In an interview on Bloomberg TV on Tuesday, Chesky said Airbnb was already liaising with other platforms about party house listings, but that the companies could “of course go further” to include properties they’ve deemed to be dangerous.

If implemented, such cooperation would see Airbnb, Expedia Group Inc.’s Vrbo and other rental companies disclosing information on properties they’ve banned after violent crimes have occurred there, to prevent the listing from popping up on another platform.

“Anything we can do to be able to help people feel like Airbnb is a safe community,” is something the company wants to prioritize, Chesky said in the interview.
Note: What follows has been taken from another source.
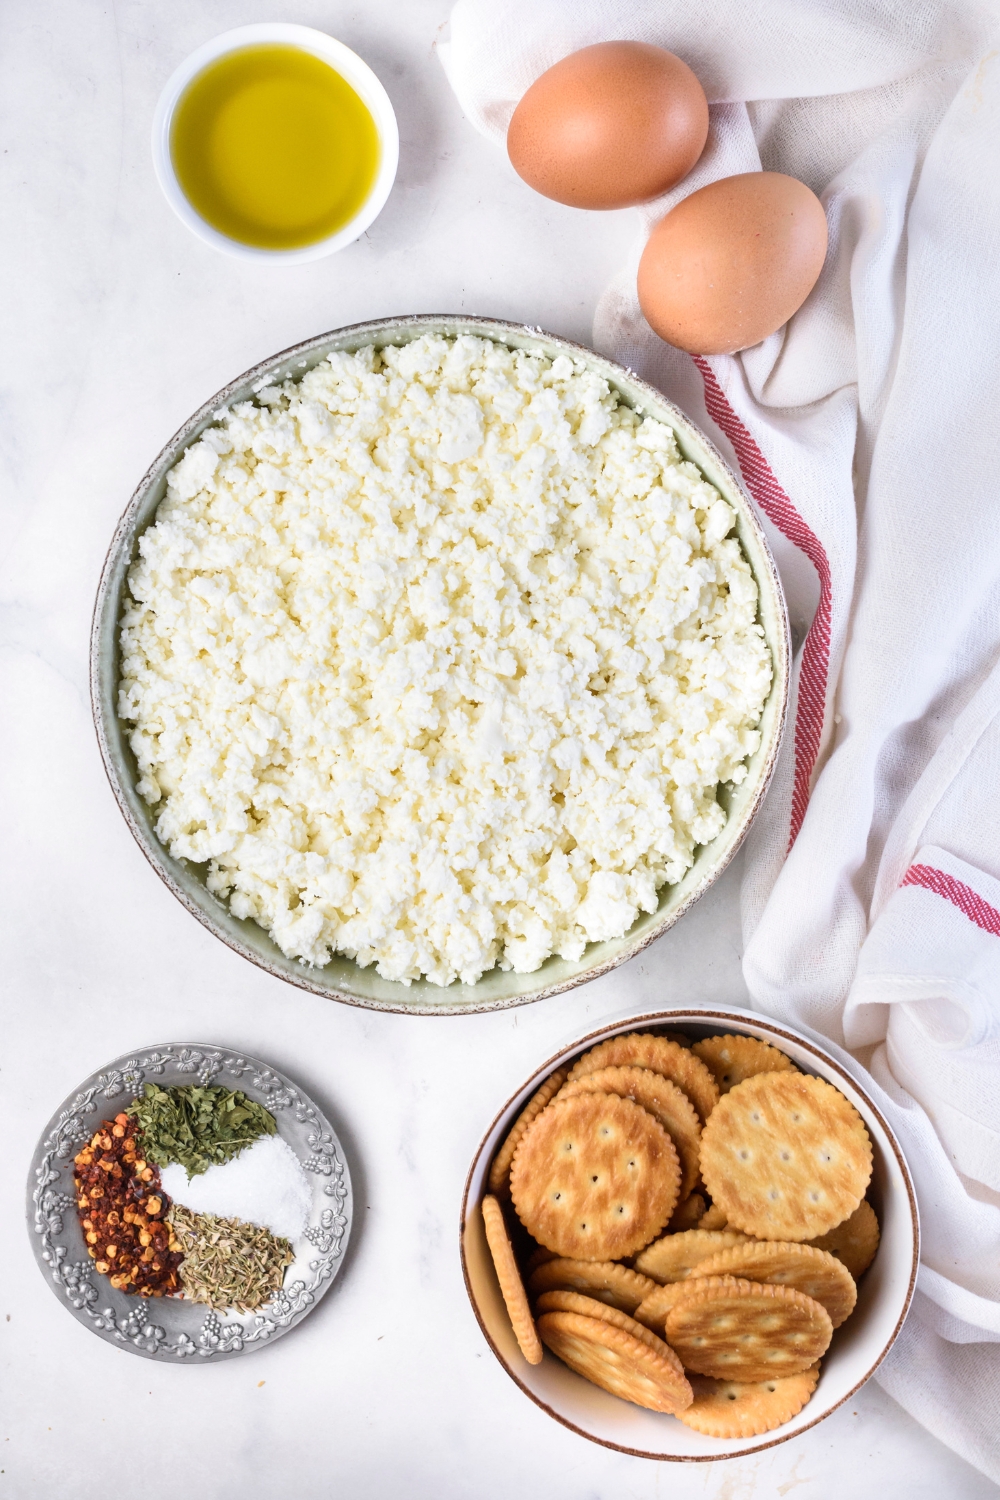 A countertop with ricotta cheese, crackers, seasonings and herbs, eggs, and olive oil.

Earlier this year, Bloomberg reported a series of stories about violent crimes occurring inside Airbnb properties, including the mysterious death of Lauren Kassirer. The 35-year-old New York City high school teacher was found naked, bruised and unconscious inside an Airbnb property on the Yucatan Peninsula in Mexico in 2018. After Kassirer’s death, Airbnb permanently banned the villa she had rented—and its host—from ever listing on the platform again. However, Airbnb didn’t warn other short-term rental providers about the listing and it was only after the story was published that Expedia became aware of what happened and also removed the listing from its platform.

“Traveler and community safety is most important to us, full stop, and so if that means broadening the scope of information we share with others, we will look into those opportunities,” an Expedia spokesman said.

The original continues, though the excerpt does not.